Files
upbeatBytes/docs/images-and-visitor-metrics.md
T
thejayman77 9d46e03ab8 docs: durable policy of record for images + visitor metrics (Codex close-out)
Encodes the source-level image-rights policy (cache/remote/none; default remote,
opt-in cache only for cleared sources) and the Recorded-visits vs Engaged-readers
metric, so the decisions live in the repo for future audits.

Co-Authored-By: Claude Opus 4.8 <noreply@anthropic.com>
2026-06-30 14:09:24 -04:00

4.1 KiB

Images & visitor metrics — policy of record

Encodes the decisions from the 2026-06-30 Codex audit. Update this doc when the policy changes.

Article images — source-level rights policy

We do not blanket-cache publisher images. Caching (re-hosting a copy on our origin) is opt-in per source; the safe default is to display the publisher's own image without copying it.

sources.image_policy (one of):

policy meaning when to use
cache Re-host a downscaled WebP (≤800px) at /api/img/<id> ONLY sources we've cleared: open license (CC etc.), explicit permission, public domain, or our own/gov public-domain material
remote (default) Hotlink the publisher's image URL (with the frontend's graceful retry) Anything not explicitly cleared — display, never copy
none No image (typographic topic cover) Sources whose terms don't support display, or known-bad imagery

Default for new/unknown sources is remote. Nothing is re-hosted until an admin sets a source to cache (admin → Sources → expand a source → Images selector, or POST /api/admin/sources/{id}/image-policy {"policy": "cache"}).

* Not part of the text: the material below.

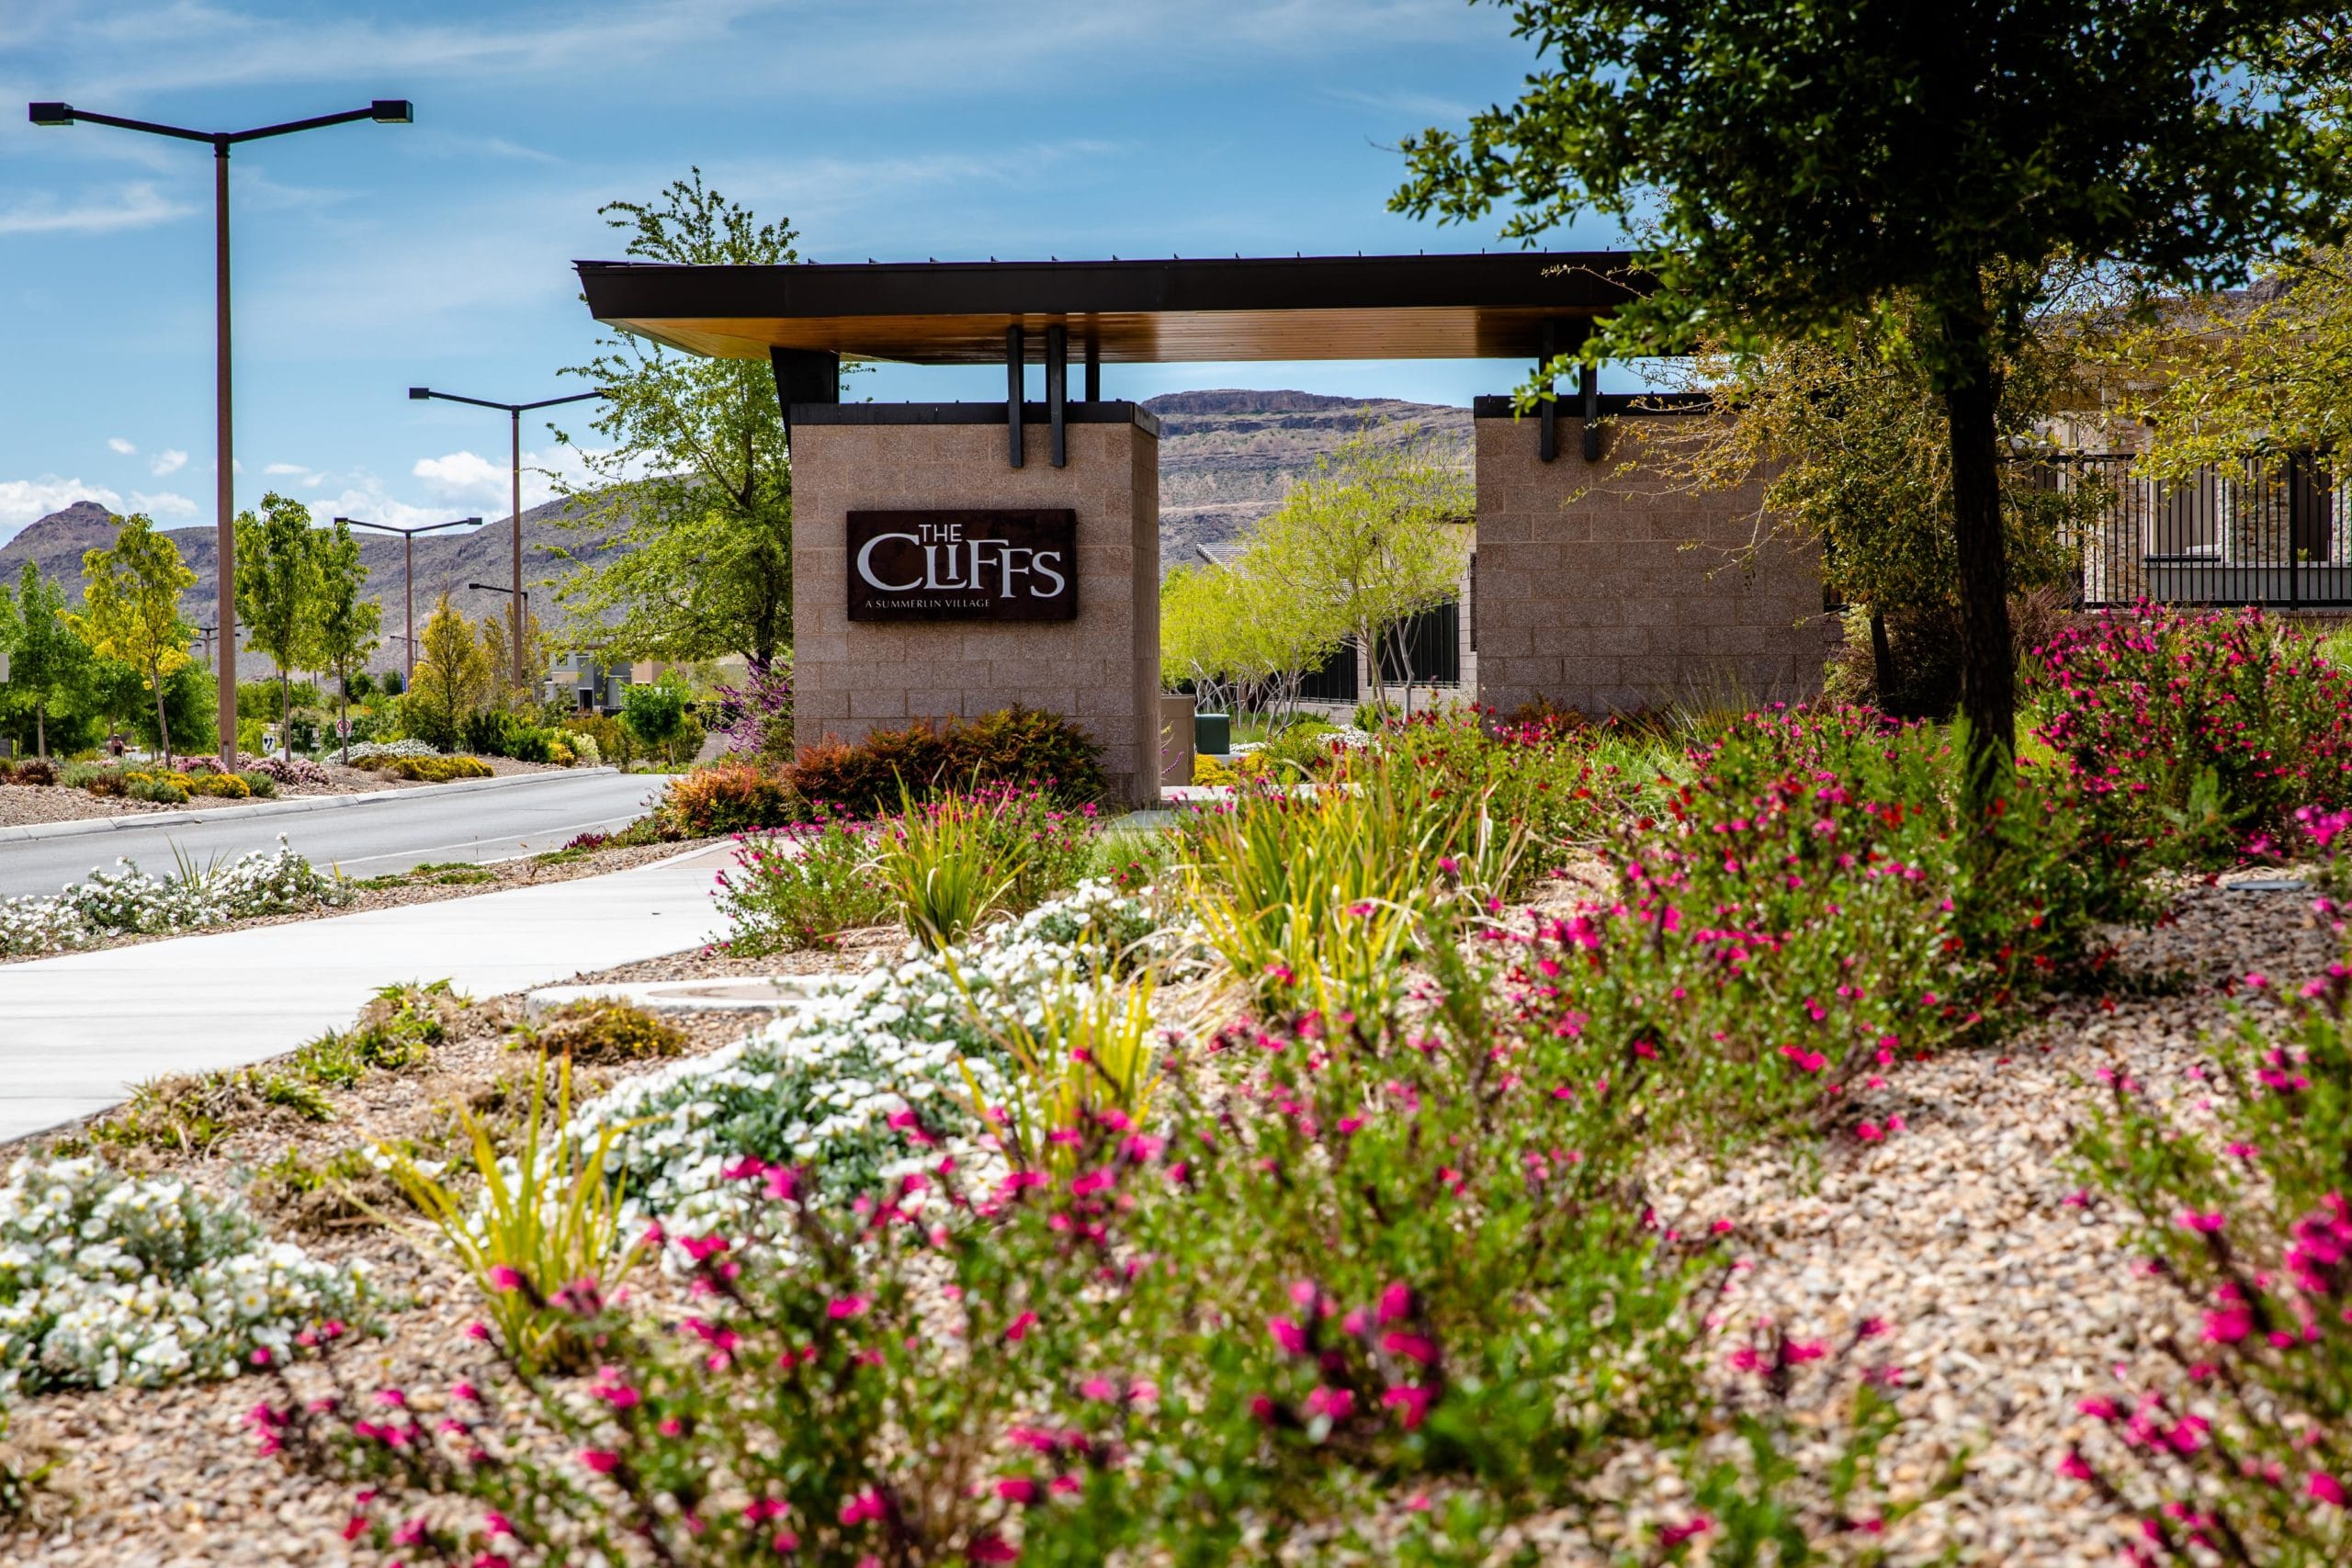 The Cliffs monument sign in Summerlin

Why conservative: fair use is case-specific and balances four factors; "reduced + attributed + linked" is good practice but not permission, and the search-engine-thumbnail precedent (Perfect 10 v. Amazon) turned on a specifically transformative image-search function, not a universal thumbnail exemption. So re-hosting waits on a per-source rights basis.

How resolution works

  • newsimg.display_url(article_id, image_policy, raw_url) returns the display URL: /api/img/<id> for cache, the publisher URL for remote, None for none/no-image.
  • Applied server-side in Article.from_row (feed/brief/history) and share.py (the /a/<id> page). og:image/twitter:image always reference the publisher's own image URL (a link, not a copy) — never our cached path — so social crawlers don't hit our endpoint.
  • The frontend uses the resolved image_url as-is; the hub probe-retry + ArticleCard onerror cover slow/failed loads for both cached and hotlinked URLs.

Cache mechanics (goodnews/newsimg.py)

  • The cycle owns all fetching (warm()), gated on image_policy='cache', under the cycle lock. GET /api/img/<id> serves cache hits only (never fetches), restricted to accepted + canonical articles whose source is cache. No SSRF/worker-exhaustion surface on the public endpoint.
  • _safe_fetch: http(s) only, _host_is_public on every redirect hop (HTTPError-based redirects followed), body capped. 4xx≠429 = permanent (negative-cached via <sha1>.fail); 429/5xx/network = transient.
  • _encode: decoded raster → WebP only; rejects SVG/undecodable; pixel ceiling enforced (w*h > _MAX_PIXELS) before decode. Originals are never retained.
  • Bounded: hard size cap (default 1 GB, GOODNEWS_IMG_CACHE_CAP) with LRU eviction; .fail markers swept after _FAIL_TTL_S. data/img_cache/ is gitignored (runtime data).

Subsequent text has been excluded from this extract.